I’ve referred to the market over the past few years as a “stealth” market. That is, one that sees money rotate from winning stocks into depressed stocks, and vice-versa. Rotation from sector to sector is also becoming faster and more pronounced of late. It is for this reason that I believe in truly active management of your portfolio –whether you do it for yourself, or you hire an active (i.e. NOT buy and hold!) manager to do it for you. I’ve created a little mantra that may help you remember to rotate your sectors in markets as we move forward:
“Today’s hero becomes tomorrows zero.”
I’d like to suggest that there is a high potential for continued rotation from the current favorites (“hero’s”) of US technology, Industrials, and Financial stocks into other sectors. At this time, those sectors have been the place to be. Interestingly, the Financials on both sides of the border have already begun to underperform. Time doesn’t stand still, and money never sleeps. I’ll be watching for signs of a change in trend and moneyflow into the currently flat or losing sectors and stocks (the “zero’s”).
Below, I’d like to highlight the past 3 years of rotation in one year increments from May to May. I could have easily gone back further to illustrate my point, but 3 years of data will give you the general idea. I’ve used the Stockcharts.com “Prefchart” feature to show performance of the 9 major S&P sectors.
A brief history of time, space, and sector rotation.
May 2014 – May 2015
As you will see on this chart, the leading sectors in that time period were Healthcare (up almost 18%) and Cyclicals (up 8%). The underperformers were Energy (down 25 %!) and Industrials (down 4.5%). Materials were down 4% as well.
May 2015 – May 2016
Very different than the 2014 – 2015 period, it was Consumer Staples (up 12%) and Utilities (up 15%!) that lead the charge in this rotation. Cyclicals continued to do well (up 5.7%) while materials were down another 4.7%. Energy repeated its lousy performance with another horrid loss of 11.7%. Of interest was the abrupt reversal of Healthcare from top dog in the prior period to a 2.6% loss over this 12 month period. I’d also like you to take note that in this period, Technology (up 4%), Industrials (up 2.8%) and Financials (down 0.8%) were relatively uninspired performers over this 12month period.
May 2016 to May 2017
What a difference a year makes. On this rotation, we saw Technology (up 16.6%), Financials (up 10%) and Industrials (up 7.3%) as the movers and shakers. Remember how Healthcare was the best place to be just 2 years prior, and Staples and Utilities were the leading sectors in the last 12 month period? Well, guess where they are now? Staples are down 7.4%, Utilities are down 2.5% and Healthcare is sucking wind at a 6.6% loss. Yesterday’s hero, once again becoming todays zero.

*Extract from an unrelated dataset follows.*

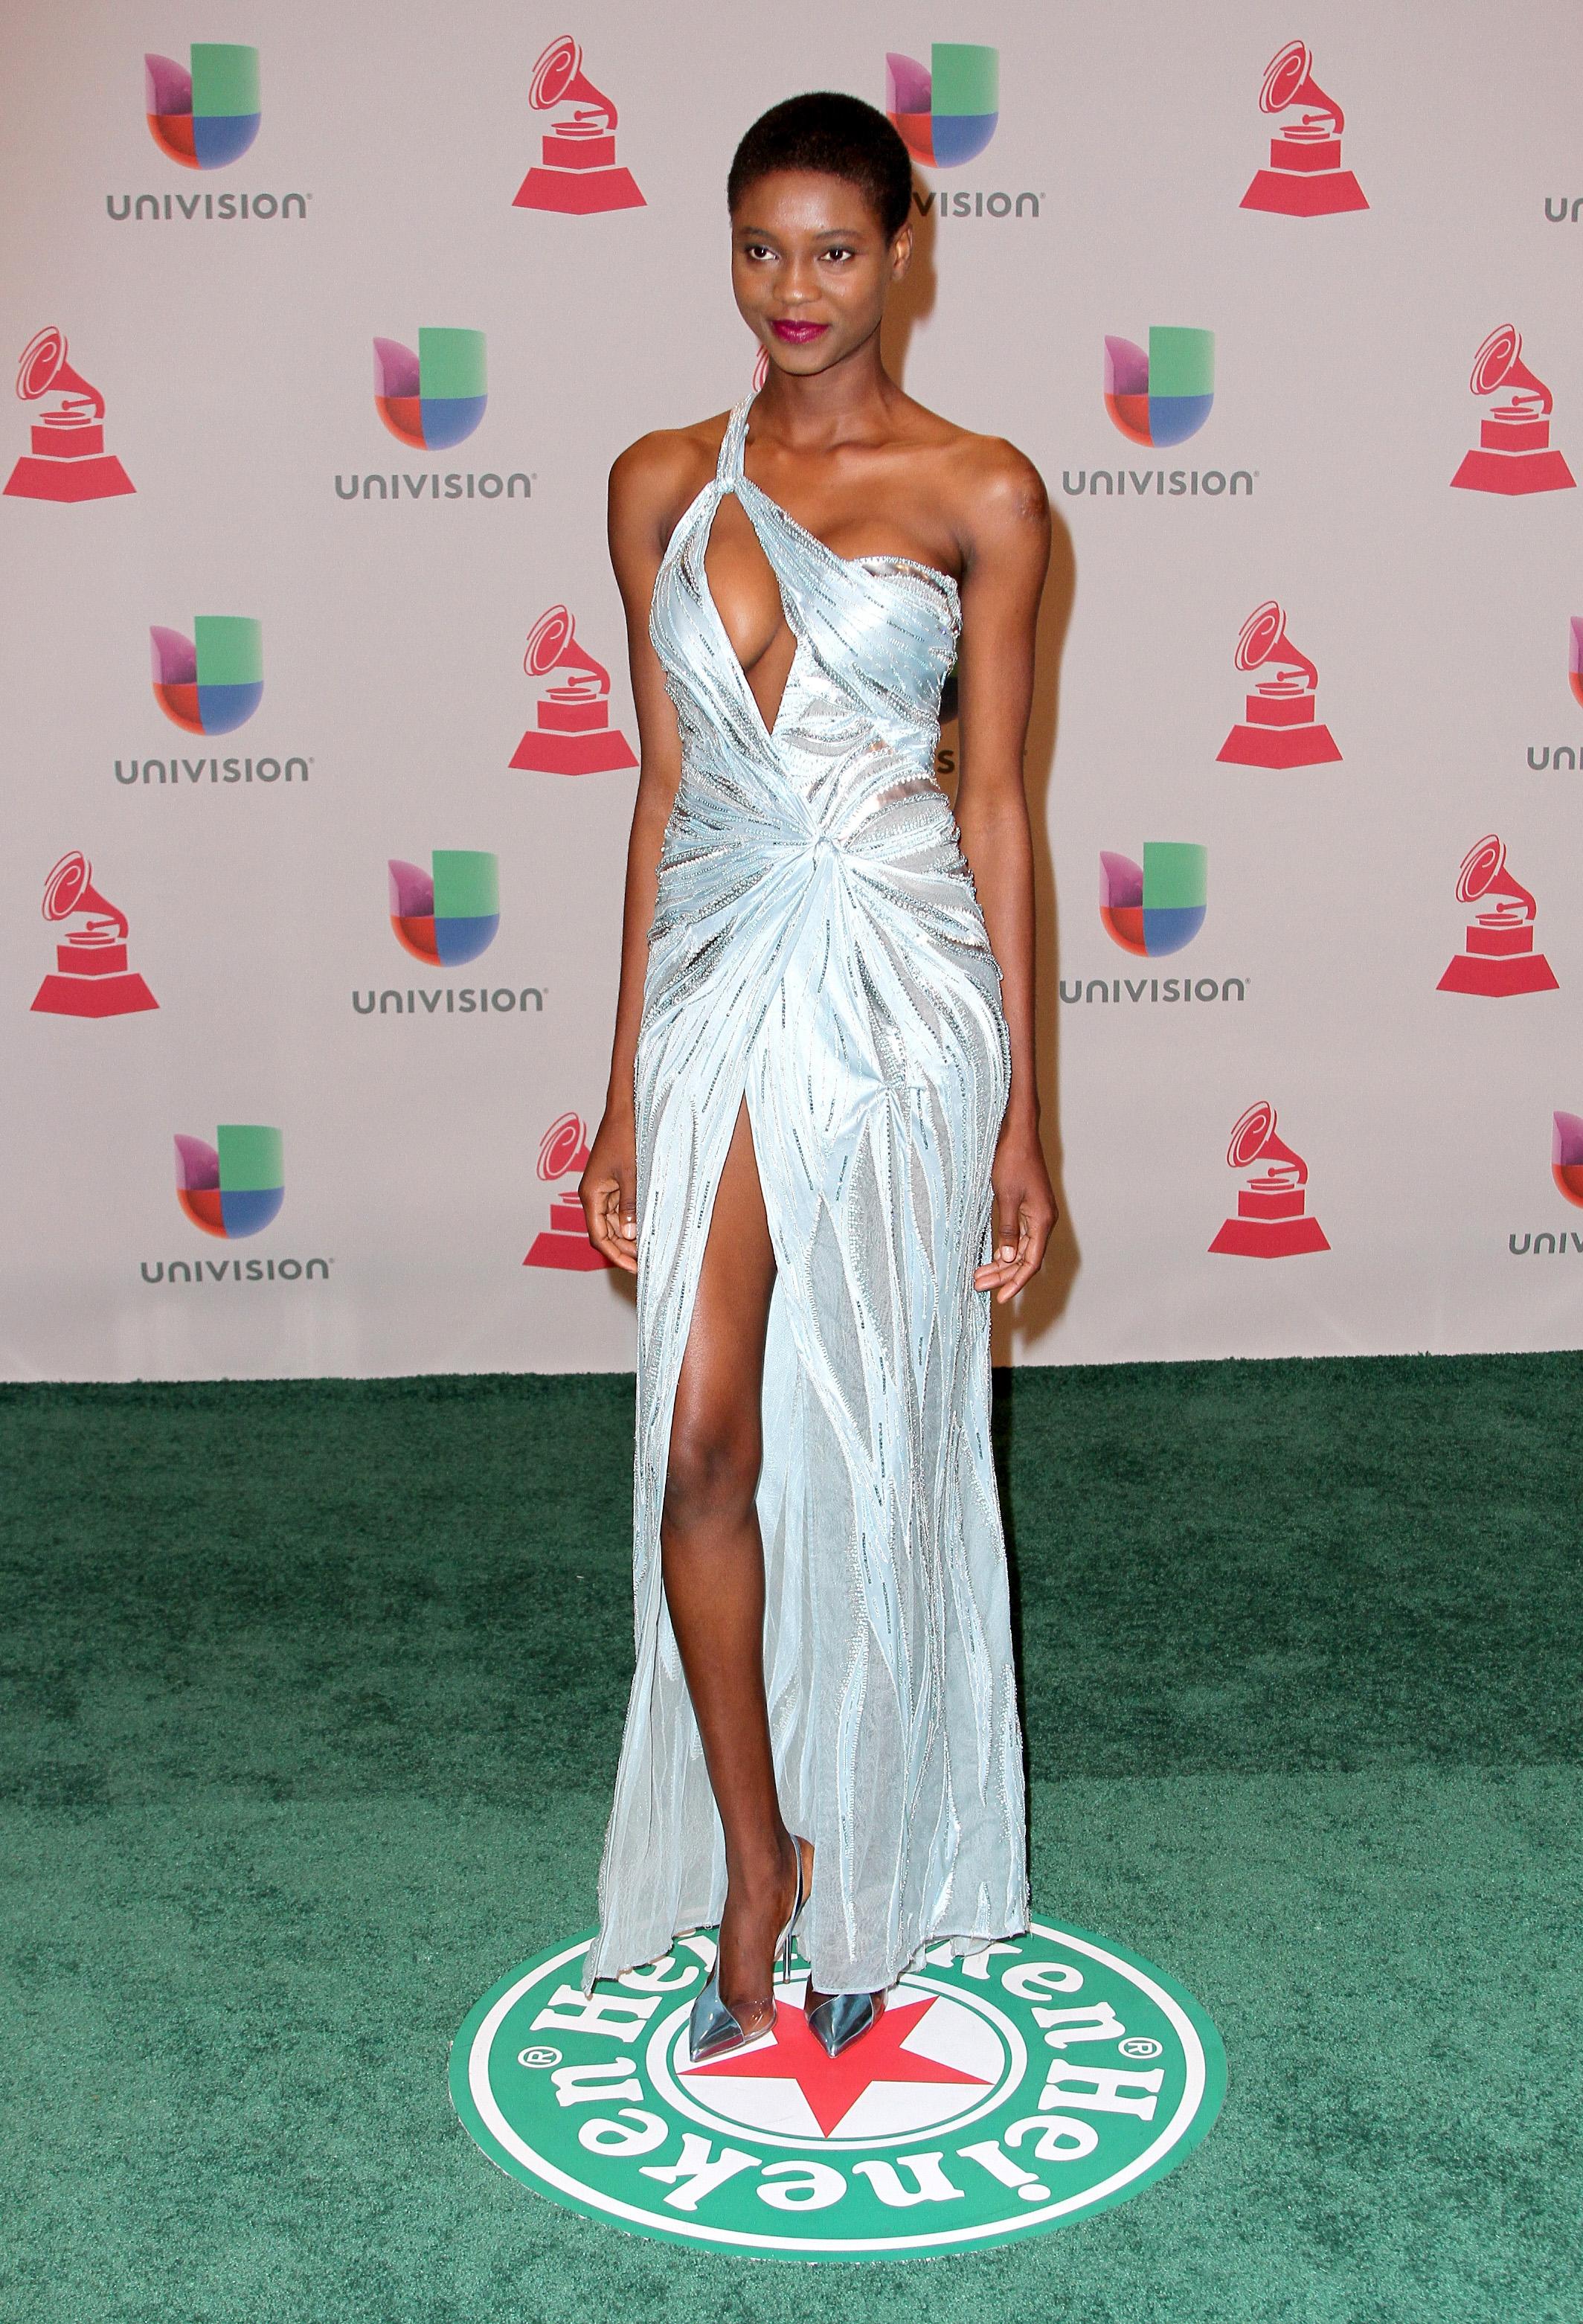 Mauza Antonio, Latin Grammy 2014 ellas en la alfombra

Energy…yesterday and today’s “zero”
I believe that oil, and energy related stocks, are in the process of basing. They are not buys at this time, and may not be for another couple of years. They are merely “watch” candidates. At this time- oil is trying to put in a bottom. When will it break out? You and I can’t say. It’s much too early to make such a prediction. Time will tell. A break of $62 would indicate a new bullish phase for this commodity and a return to $90. That’s a long way off. But, things change quickly these days. Keep an eye on oil.
Staples – a “zero” that’s becoming a “hero”
The consumer staples sector in the US contains such stalwarts as Proctor and Gamble, Philip Morris, Coca Cola and Colgate Palmolive. In Canada, companies like Loblaw, Alimentation Couche Tard, and Metro are considered staples. The chart looks good for both the SPDR US Staples ETF (XLP-US). A Canadian ETF that nicely represents the Canadian stocks is the iShares Consumer Staples ETF (XST-T). As an added bonus, Consumer Staples are considered seasonally attractive from May to October.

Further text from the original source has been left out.